BP Announces Major Shift in Renewable Strategy Amid Sharp Profit Drop

Oil giant BP is set to scale back its green investments as profits drop sharply, marking a major change in the company’s strategy. The move comes as rivals such as Shell and Equinor have also scaled back their renewable projects.

BP’s net income fell to $8.9 billion last year, down from $13.8 billion the previous year, due to lower oil and gas prices and reduced profits from its refineries. The company had previously set a target of 50 gigawatts (GW) of renewable energy generation capacity by 2030.

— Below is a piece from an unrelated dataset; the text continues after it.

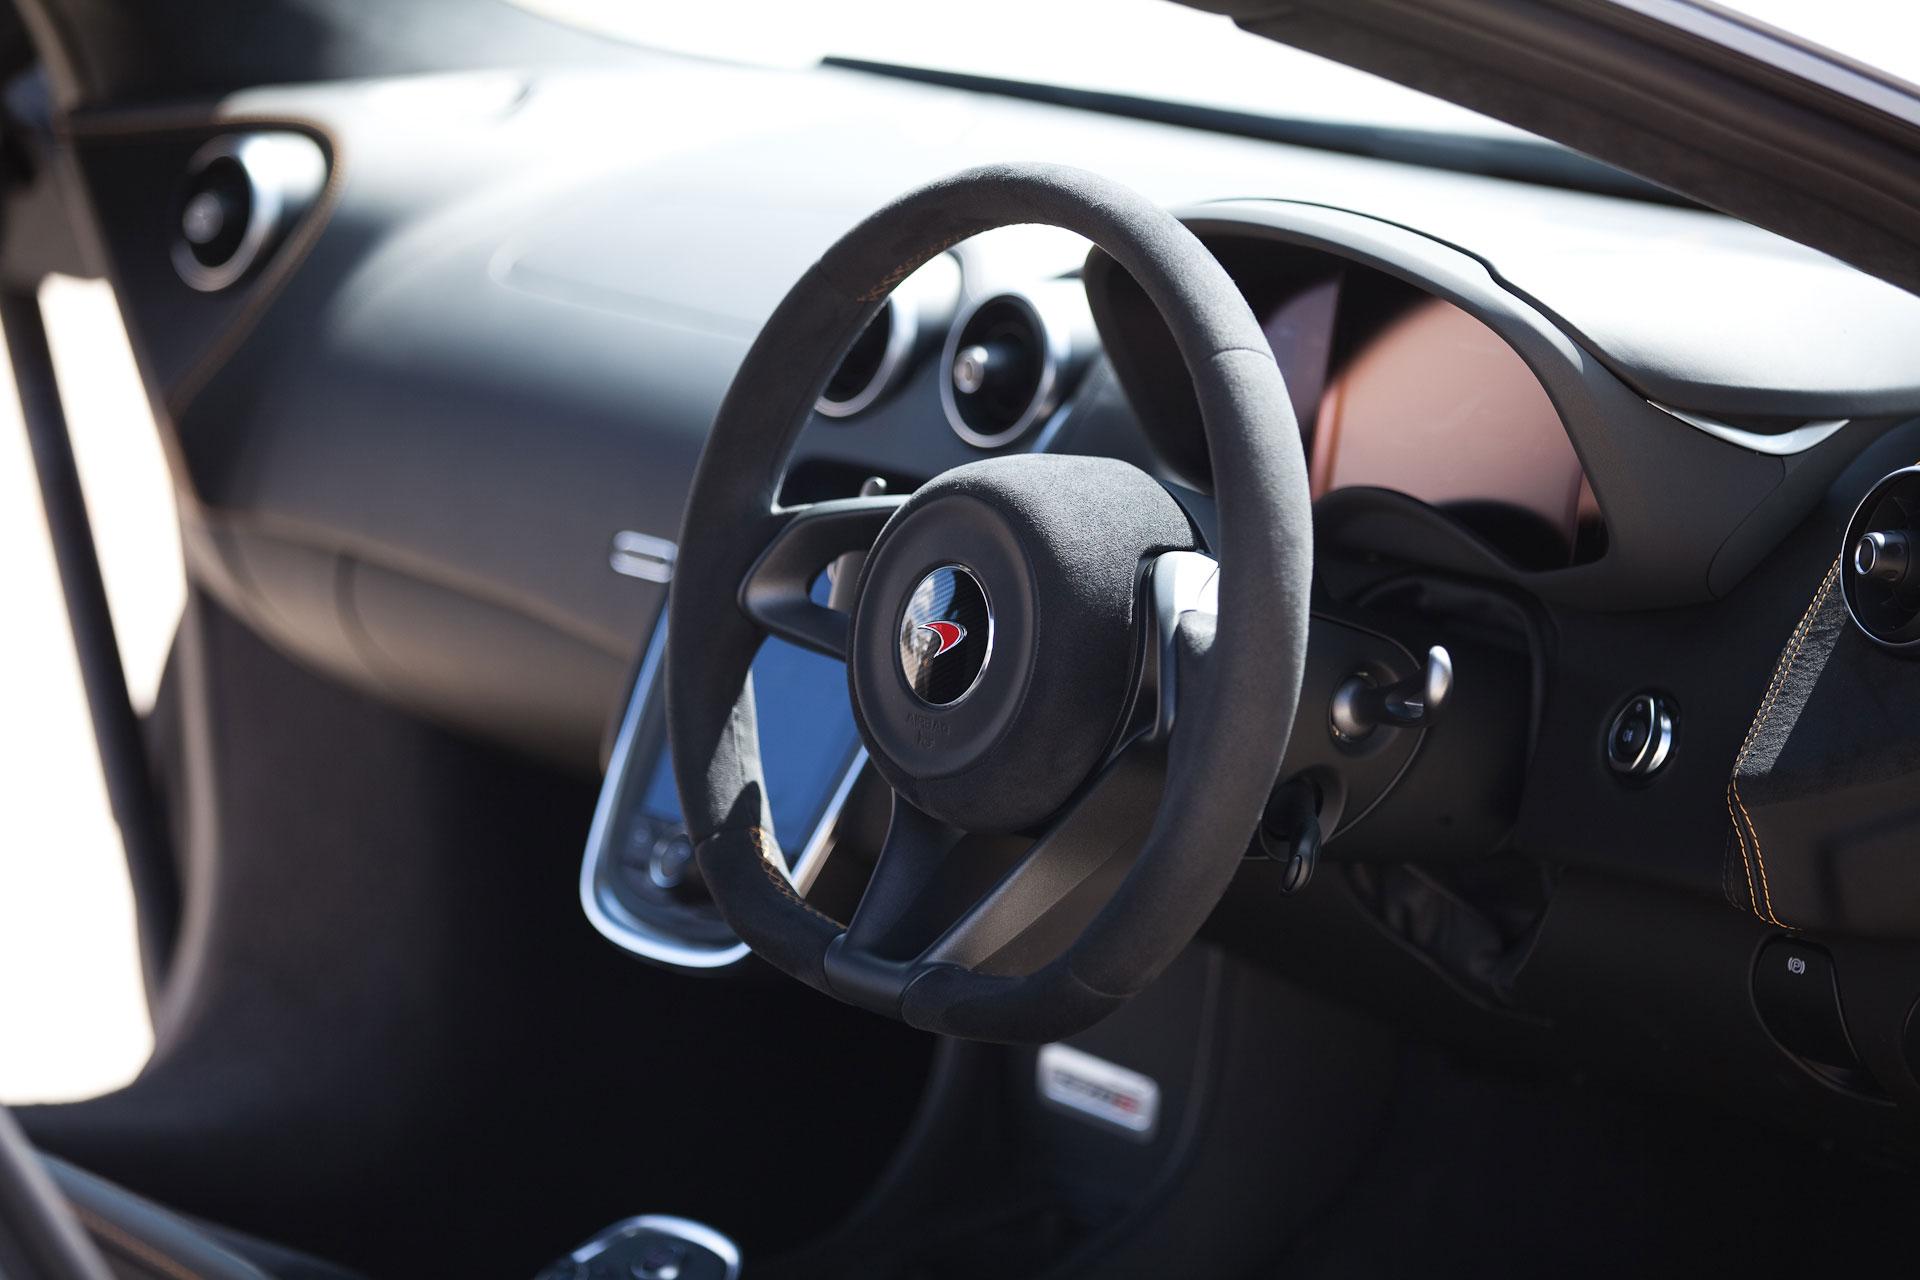 mclaren-570s-steering-wheel

However, this target is now expected to be abandoned on February 26, as BP announces plans to cut its commitment in renewables until 2030 by up to half. The company has already scaled back on renewables and put most of its offshore wind assets into a joint venture with Japanese company Jera.

Activist shareholder Elliott Management has bought a stake in BP to push for more investment in oil and gas, with investors anticipating board changes. Analyst Russ Mould said the sharp drop in profit “provided plenty of fodder” for hedge fund Elliott, highlighting the need for a clear and credible plan to restore investor confidence.

The scientific consensus is clear: there is a link between emissions from burning fossil fuels and climate change. However, some oil and gas firms are making plans to ramp up production, citing cost and profitability concerns.

In contrast, Norwegian energy giant Equinor has announced plans to halve investment in renewable energy over the next two years, while increasing oil and gas production. The company’s CEO said that the transition to lower carbon energy was moving more slowly than expected, with costs increasing and customers reluctant to commit to long-term contracts.

The move by BP is seen as part of a larger trend, with US President Donald Trump expressing support for fossil fuels and vowing to withdraw the US from the Paris climate agreement. This has sparked criticism from human rights campaign group Global Witness, which said that BP’s investment in oil and gas was double its investment in renewables last year.

As the world battles extreme weather disasters supercharged by fossil fuels, many are calling on governments to redirect billions of pounds invested in the oil and gas industry towards climate recovery funds.